Pioneering deejay U Roy is sometimes labeled as the originator of the modern Jamaican deejay style and has been a vital force in reggae music since the late 60’s when he scored his first smash hits and held the three top spots on the Jamaican music chart with Wake the Town, Rule the Nation and Wear You to the Ball recorded over some of the late Duke Reid’s biggest rock steady cuts.

He has recorded music for almost five decades, including working with Niney, Joe Gibbs, Tony Robinson, Tappa Zukie and Mad Professor. His two latest sets – Now released in 2001 and Rebel in Styylle put out in 2003 – have been combination albums, meaning U Roy joining forces with a singer on each track.

His brand new album Pray fi di People is in the same style, and has U Roy teaming up with Jamaican, African, American and European singers, including Marcia Griffiths, Horace Andy, Chezidek, Tiken Jah Fakoly and Harrison Stafford aka Professor from U.S. progressive reggae rockers Groundation.

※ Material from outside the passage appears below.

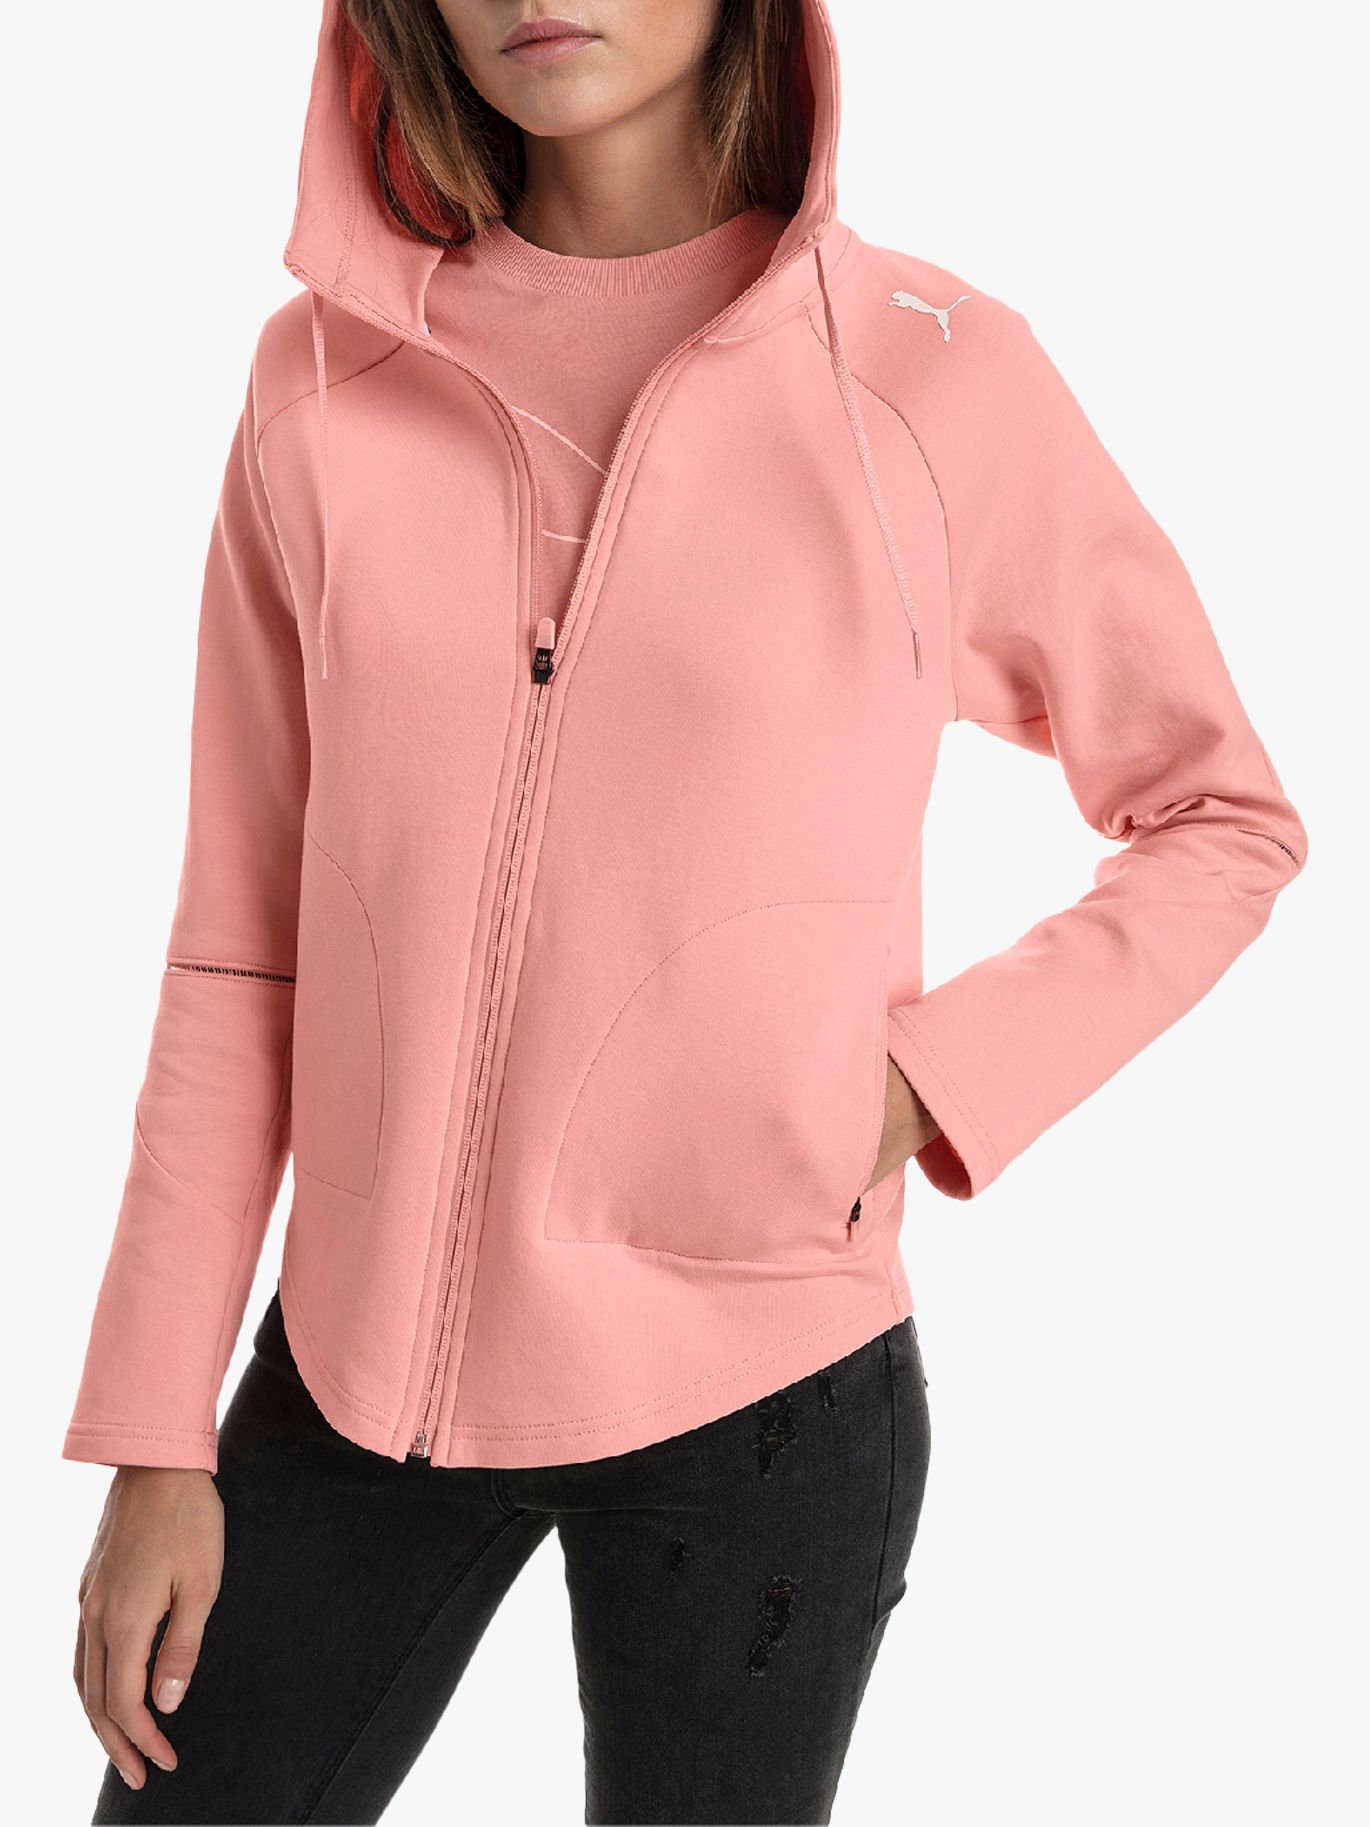 puma jacket pink

The album was produced by Bravo in Jamaica and collects 13 live played tracks over mostly refurbished vintage riddims, of which one is a cover version of Toots & The Maytals’ 70’s party starter Pomps and Pride. Tarrus Riley does a fine interpretation as Toots.

Pray fi di People might be a bit ordinary and generic, and U Roy is a little less energetic compared to his previous work, but considering the man being 70 years old he certainly does an excellent job. And the album is at its best when he shares vocal duties with the dramatic voiced Professor and the sweet timbre of Horace Andy.

Pray fi di People drops on French Soulbeats Records on Tuesday October 9 as CD and digital download.